Venía mirando en dónde bajarme, y justo me sonó el teléfono que me había dado mi mujer. Era Pocho, que era encargado de seguridad de la Fundación. Yo lo conocía de chico. “Pitufo, es verdad que querés laburar?”.Sí, estoy buscando. No quiero hacer ninguna, me pasé la vida en cana”. “Ok, mañana vení al Elefante Blanco y presentate en planta baja”. ¿Podés creer que mi mujer me había dicho que fuera ahí a buscar laburo? Tiré el pico de la botella por la ventana, llegué a casa y le conté todo a mi mujer. Al día siguiente me presenté ahí a las 6 de la mañana. En el Elefante Blanco estaban las oficinas de Madres. A las 11 llegó Hebe de Bonafini: “¿Vos estás dispuesto a cumplir horarios de trabajo? ¿Podés acatar órdenes?”. “Sí, pero no tengo ni documento”, le dije. “No te preocupes, nosotros te vamos a ayudar”. Y empecé a laburar en la recepción. Con el tiempo, terminé recibiendo a Néstor, al comandante Chávez, a Evo Morales. Venía de estar en un penal y de repente estaba caminando al lado de estos tipos. Vinieron las asistentes sociales, me consiguieron la partida de nacimiento, me hicieron el documento. Me dieron la tarjeta, me hicieron ir al banco. Tardé en aprender, pero entré en un mundo diferente. Mi hija menor nació en una clínica: era todo un cambio para nosotros. Me sentía digno.
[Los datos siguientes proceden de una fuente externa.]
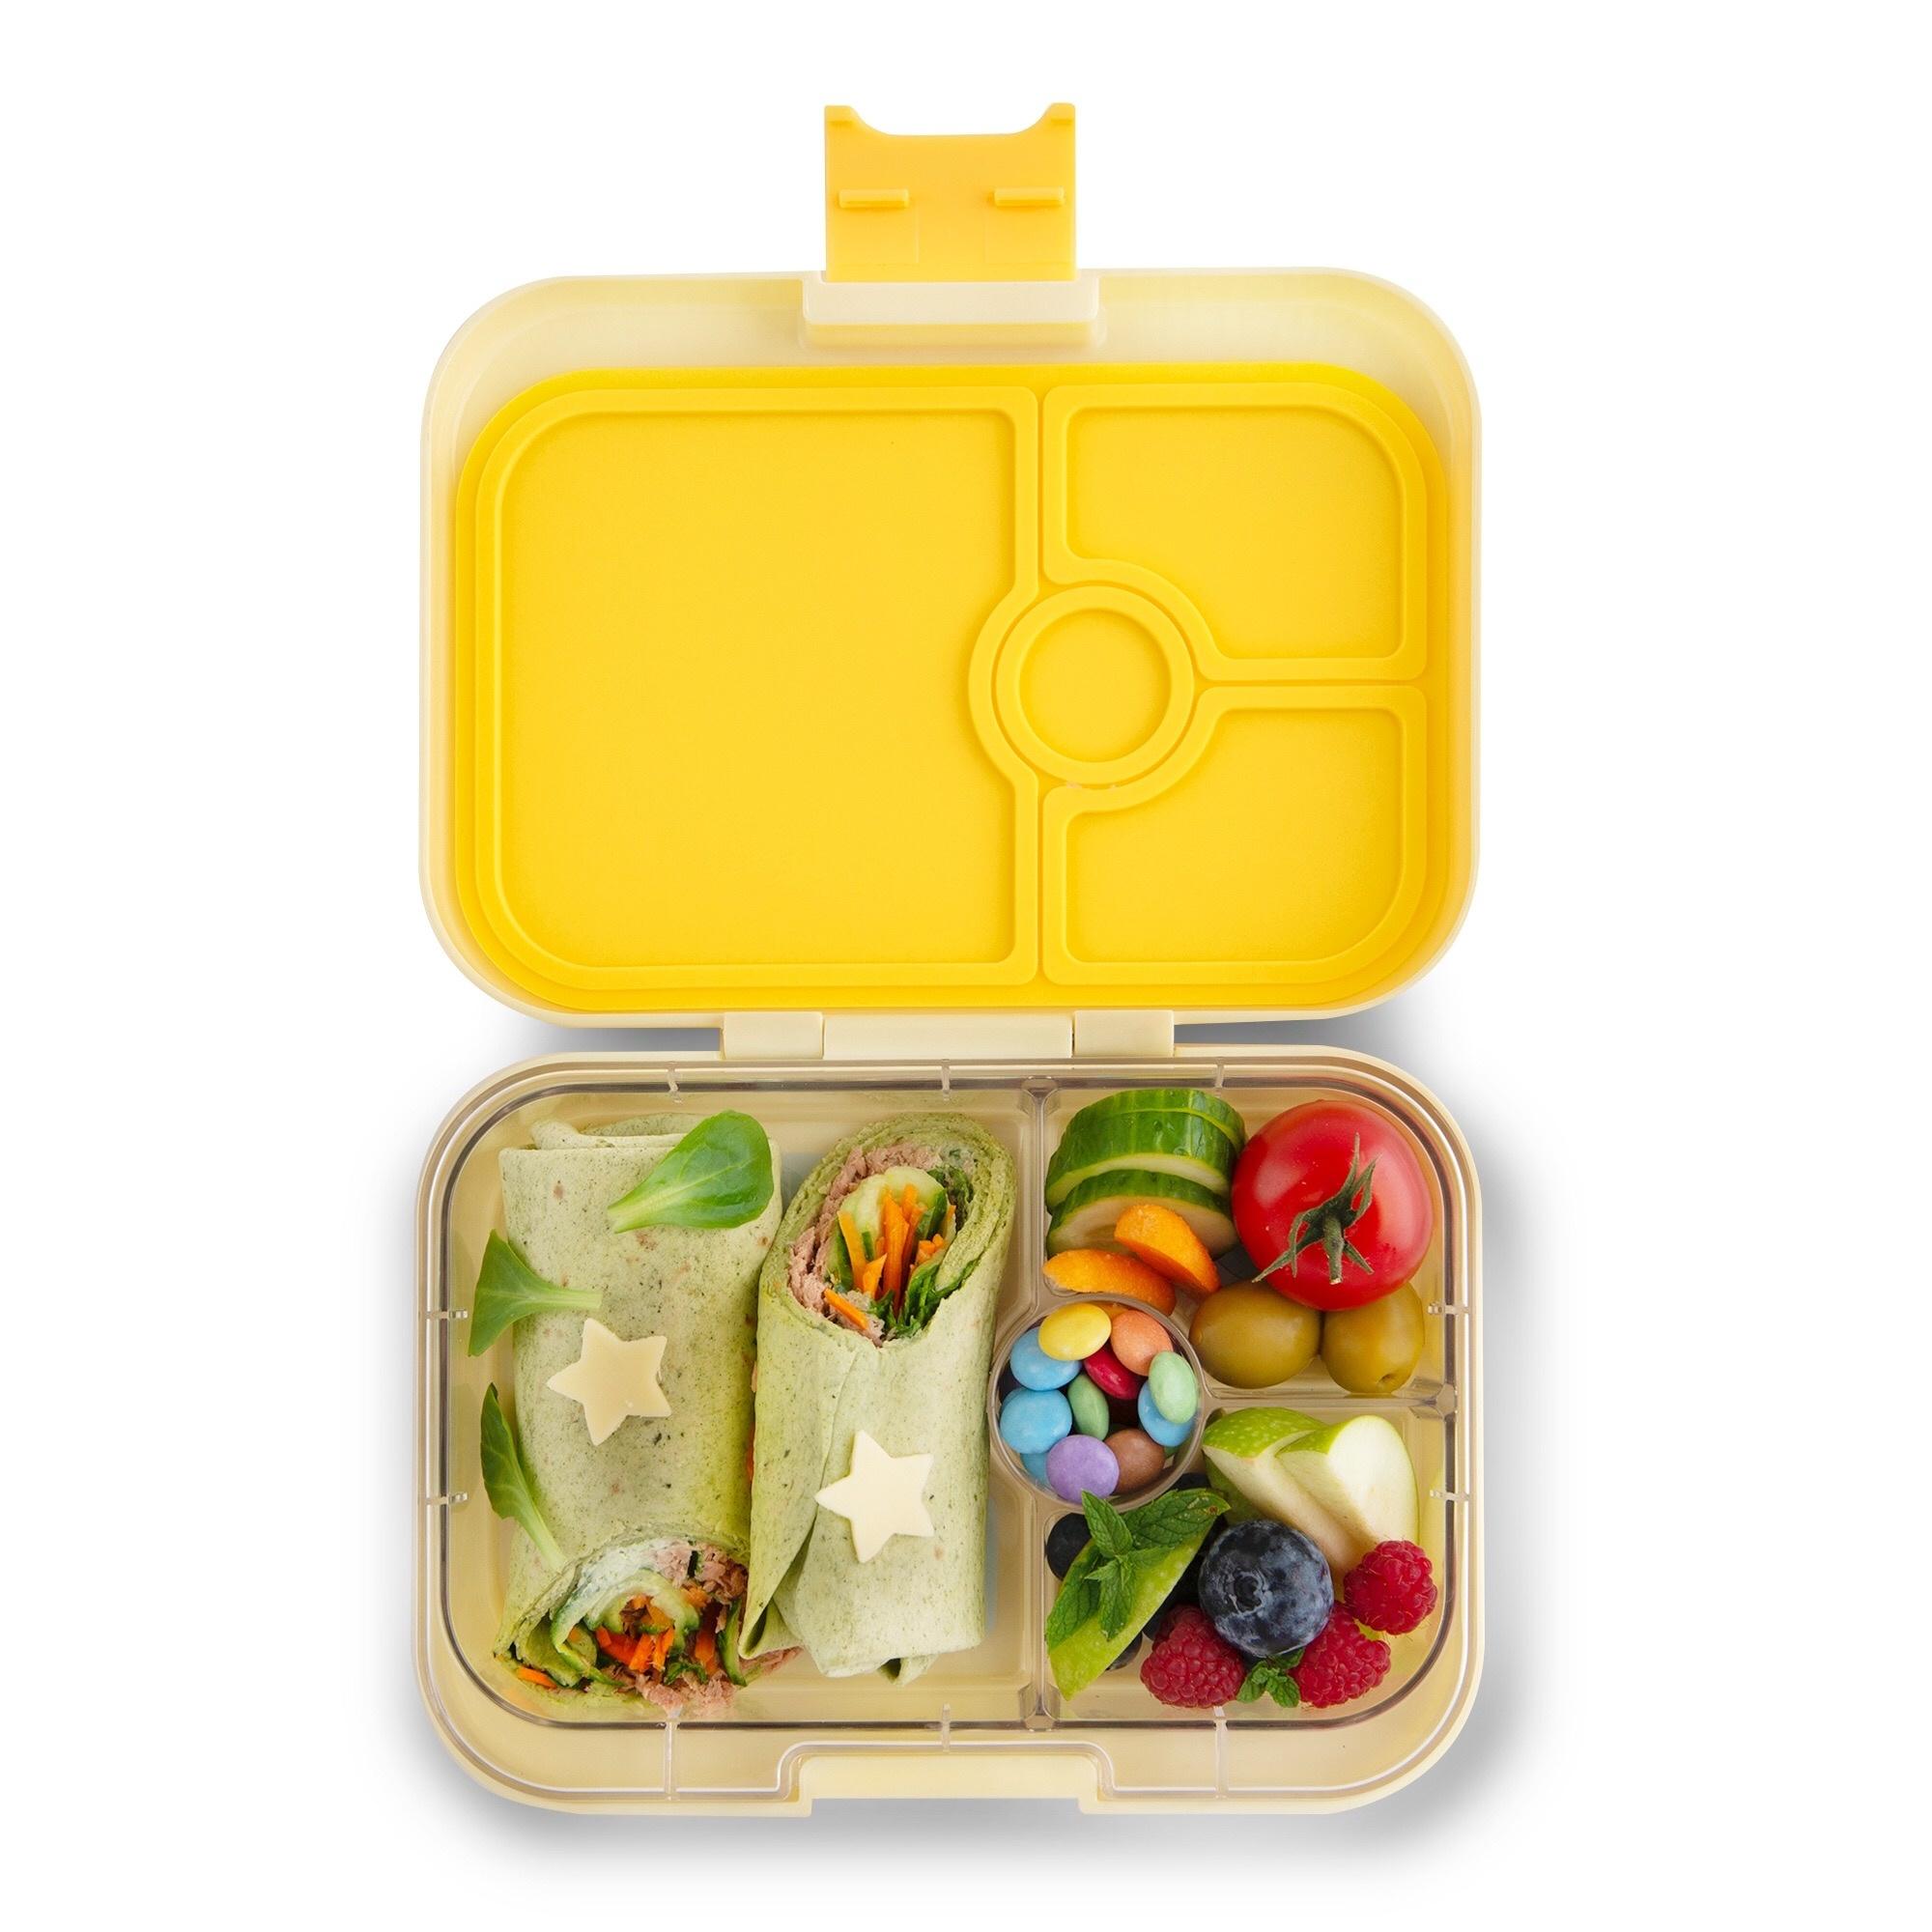 Yumbox Panino 4-sections Sunburst yellow / Paradise tray-2

Un día me puse a escribir un proyecto para recuperar a los pibes del barrio que estaban tirados en los pasillos, empezamos a plantearle a Hebe que los adictos al paco necesitaban volver a darle valor a sus vidas. Porque en estos lugares se te hace cáscara: de tanto ver las cosas, dejás de verlas. Ya no te duelen, no las mirás. Y pusimos en marcha ese proyecto con la ayuda de las Madres, empezamos a laburar, el programa creció muchísimo y se consolidó: empezamos con 30 pibes y terminamos con 600 personas en 2013. Esa fue mi primera experiencia militante. Y ahí me empezaron a pasar cosas a mí también: empecé a ser importante para otros, a sentir la obligación de levantarme a la mañana porque había cosas que dependían de mí. Yo también me sentí alguien. Ahí empecé a conocer las diferentes organizaciones sociales.

En 2010 terminé en el Parque Indoamericano, encabezando la toma de tierras más grande de la ciudad de Buenos Aires sin buscarlo, casi sin saber cómo llegué allá. Yo fui ahí para impedir que tomaran unos edificios que estaba construyendo la Fundación Sueños Compartidos al final del parque. Cuando llegué me encontré con mi hermana, que estaba participando de la toma. “¿Qué hacés acá?”, le pregunté. Yo iba para evitar la toma. “Yo no puedo seguir viviendo con mi suegra y todos los hermanos de mi marido con sus familias. ¿Vos sabés lo que es la convivencia ahí?”, me dijo. Así que crucé del otro lado del alambrado y me quedé con ella: “si es para mis sobrinos, yo me quedo con vos. Acá se va a armar quilombo, yo no te voy a dejar”. Empezamos a debatir, se armaron asambleas. Empecé a participar cada vez más, hasta que terminé dando la conferencia de prensa en la puerta del Parque. Me fui consolidando como la voz de la toma, y eso me llevó a otro estadío en mi militancia: después de 10 días de toma, todos los ministros me conocían, me abrían la puerta de sus despachos, sabían quién era, cómo me llamaba. Ahí cambió todo, de verdad. Yo podía llamar a cualquiera y me atendían.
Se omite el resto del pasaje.